Inspired by @karpathy/autoresearch — which demonstrated autonomous AI agents for LLM training research. AutoKernel applies the same philosophy to GPU kernel optimization: agent modifies one file, runs a fixed evaluation, keeps or reverts, repeats forever.
Give AutoKernel any PyTorch model. It will:
- Profile the model to find which GPU kernels are bottlenecks
- Extract each bottleneck as a standalone Triton kernel
- Optimize each kernel autonomously (edit, benchmark, keep/revert — forever)

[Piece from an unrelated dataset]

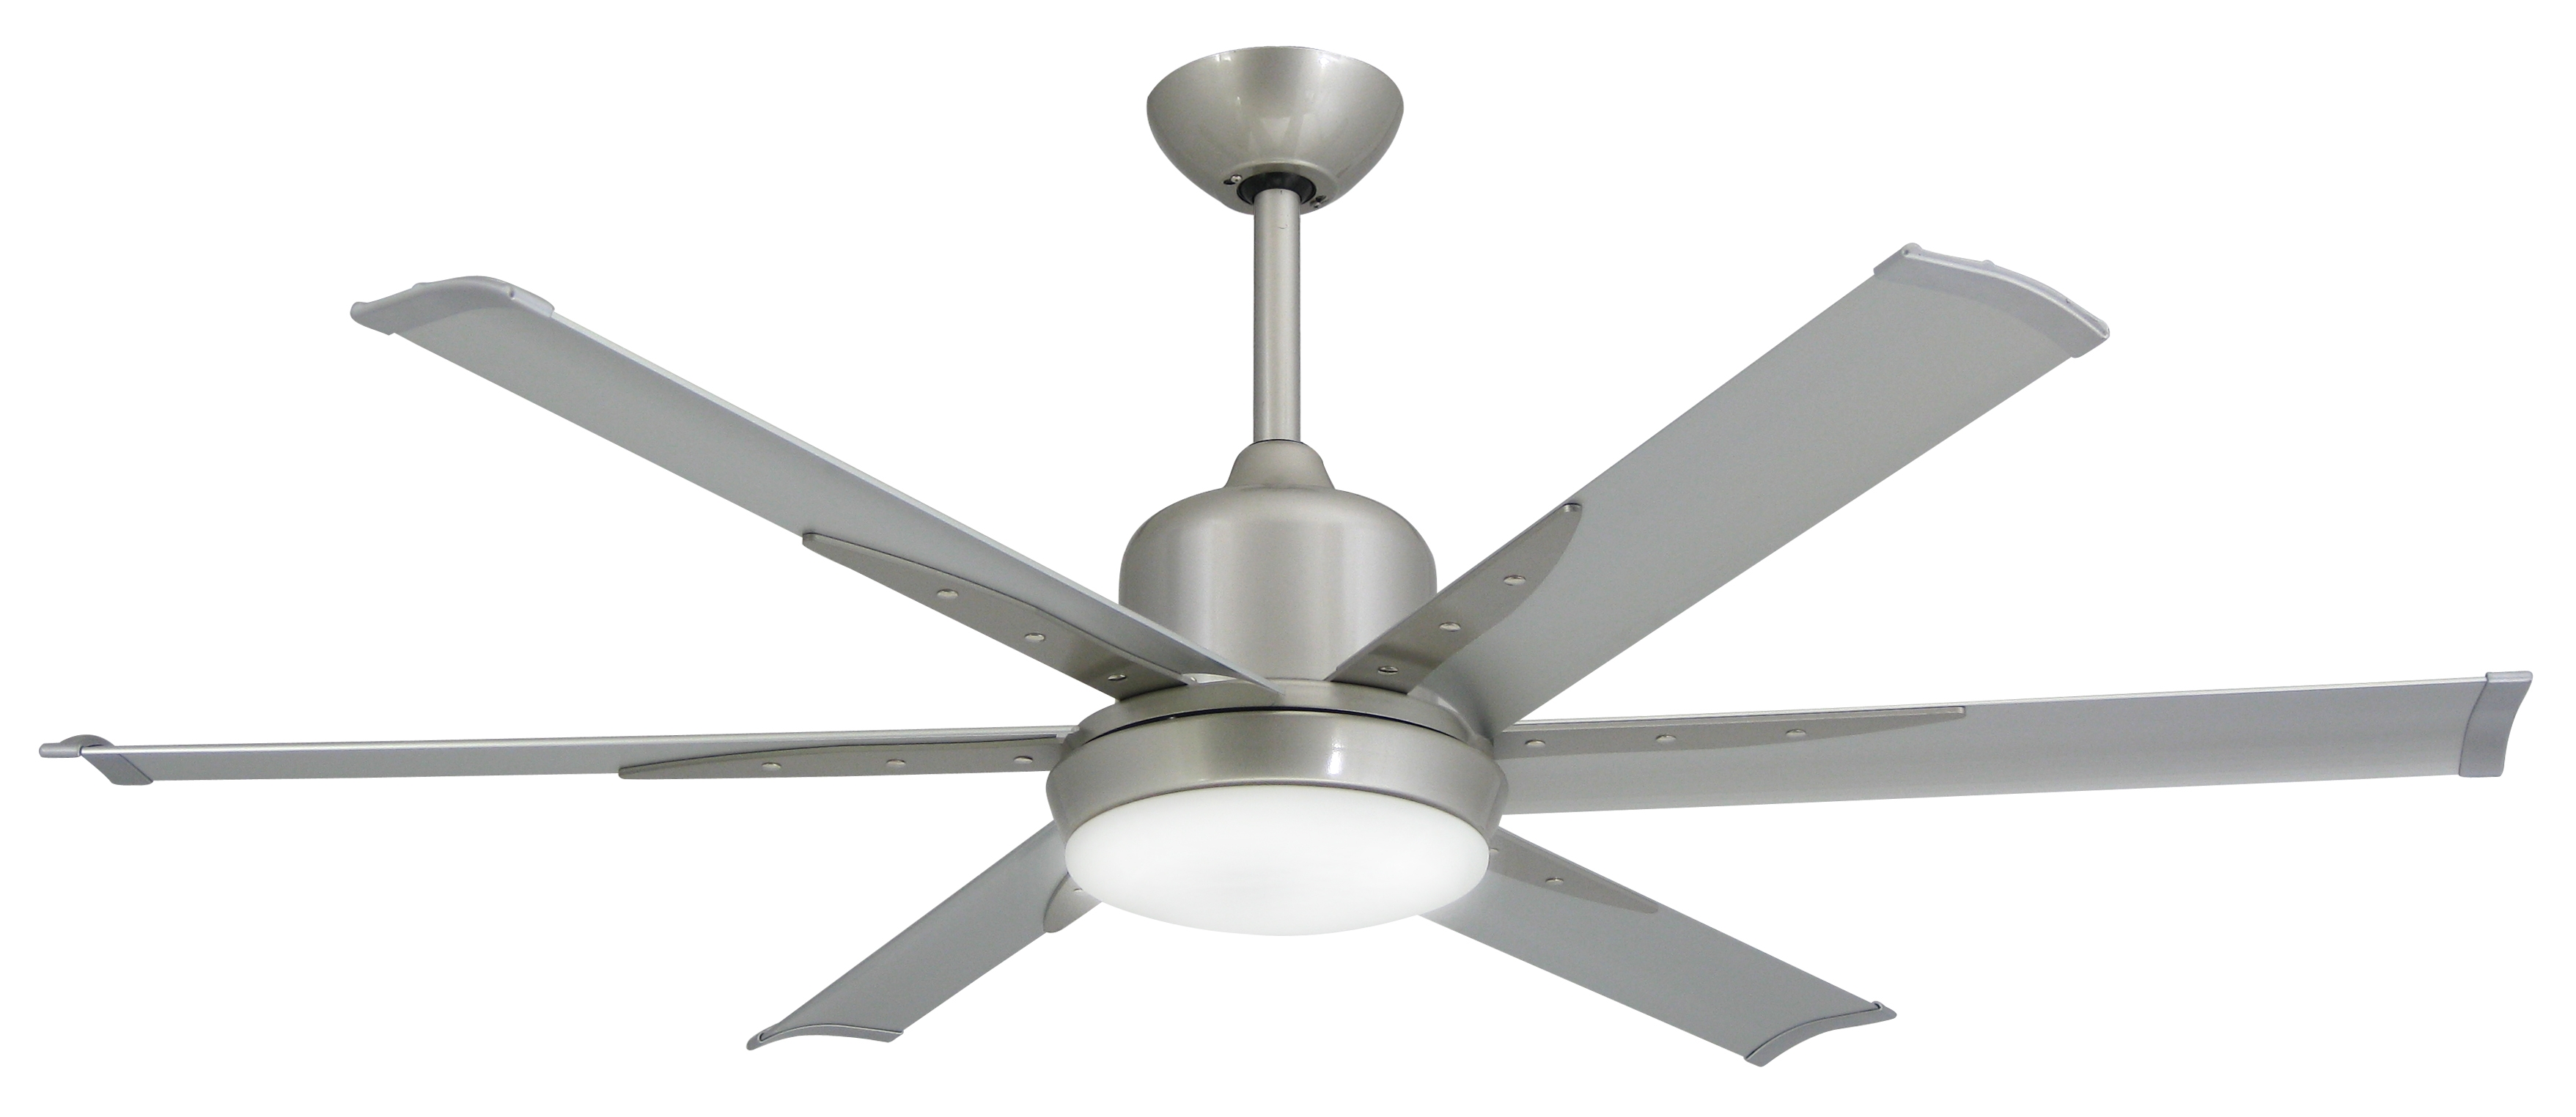 White Industrial Ceiling Fan With Lightindustrial ceiling fans dans fan city

- Verify end-to-end correctness and report the total speedup
The agent reads program.md — the “research org code” — which contains comprehensive instructions for autonomous operation. It edits kernel.py one kernel at a time, runs bench.py (fixed benchmark with 5-stage correctness checks + roofline analysis), and either keeps or reverts the change. The orchestrator decides when to move to the next kernel using Amdahl’s law.
Each experiment takes ~90 seconds. That’s ~40 experiments/hour, ~320 overnight, across all kernels.

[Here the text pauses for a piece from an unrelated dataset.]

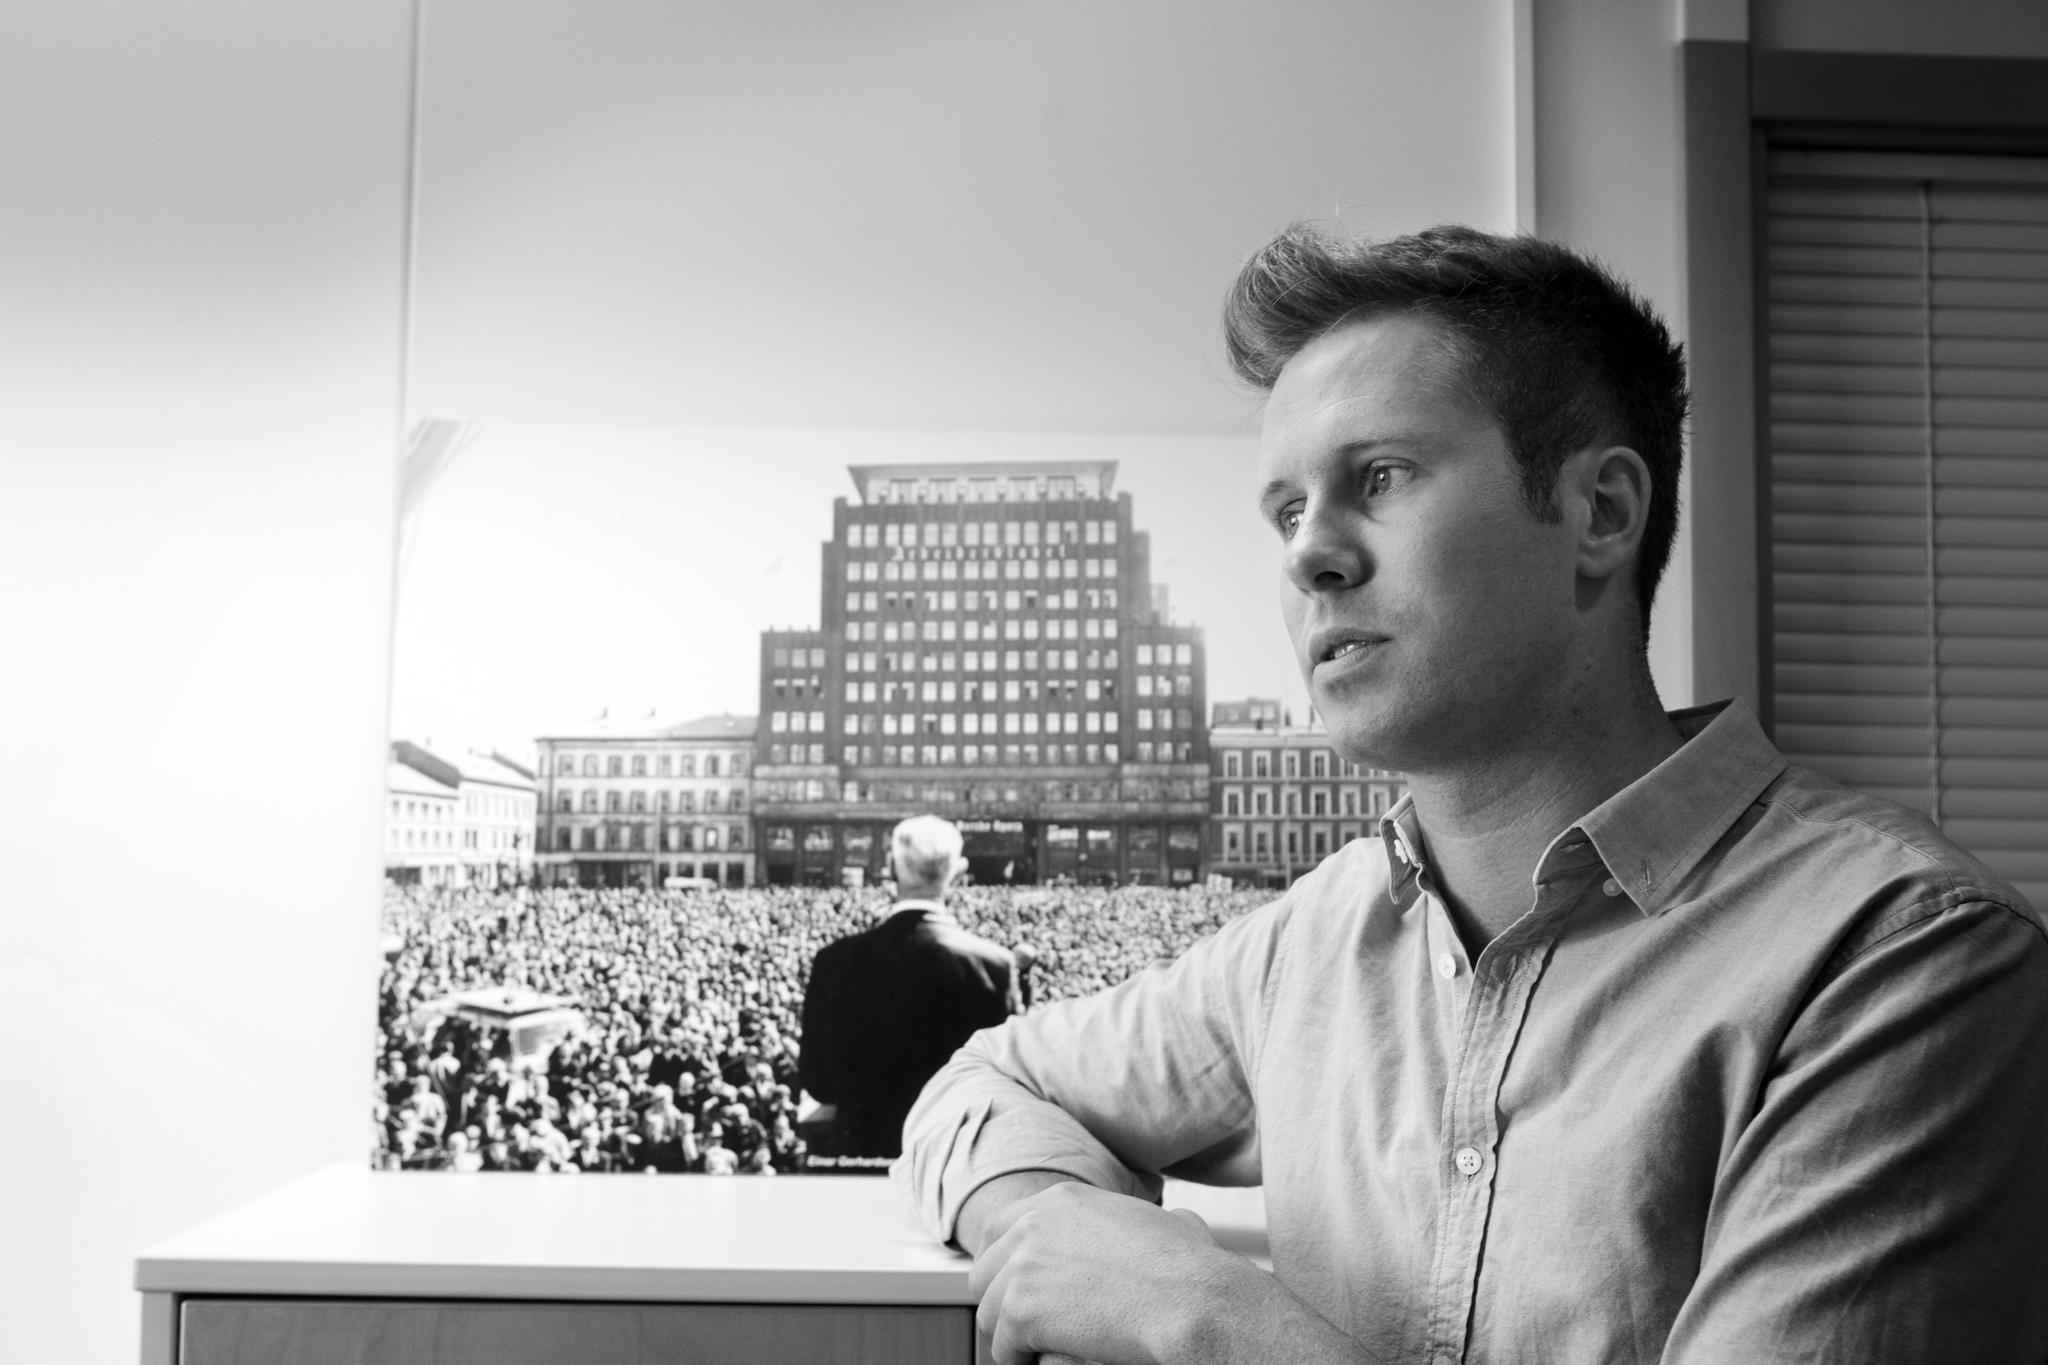 AUF-leder Eskil Pedersen tilbake på kontoret på Youngstorget høsten 2011. Den offentlige debatten etter terroren ble påfallende raskt preget av en mistanke mot AUF-erne, skriver Snorre Valen.

Requirements: NVIDIA GPU (tested on H100/A100/RTX 4090), Python 3.10+, uv.
# Install uv (if you don't have it)
curl -LsSf https://astral.sh/uv/install.sh | sh
# Clone and setup
git clone https://github.com/RightNow-AI/autokernel.git
cd autokernel
uv sync
# One-time setup: test data + baselines
uv run prepare.py
# Profile a model (ships with GPT-2, LLaMA, BERT -- no transformers needed)
uv run profile.py --model models/llama_7b.py --class-name LlamaModel \
--input-shape 1,512 --dtype float16
# Extract top bottleneck kernels
uv run extract.py --top 5
# Verify benchmark works
uv run bench.py
Spin up Claude, Codex, or any coding agent in this directory:
Read program.md and let's kick off a new experiment. Start with setup.
The agent will:
- Profile your model and present the optimization plan
- Create a branch (e.g.,
autokernel/mar10-llama7b) - Optimize each bottleneck kernel in priority order
- Verify end-to-end correctness and report total speedup
program.md is intentionally comprehensive so the agent can run 10+ hours without getting stuck. It includes a 6-tier optimization playbook, decision framework, crash handling, and Amdahl’s law reasoning.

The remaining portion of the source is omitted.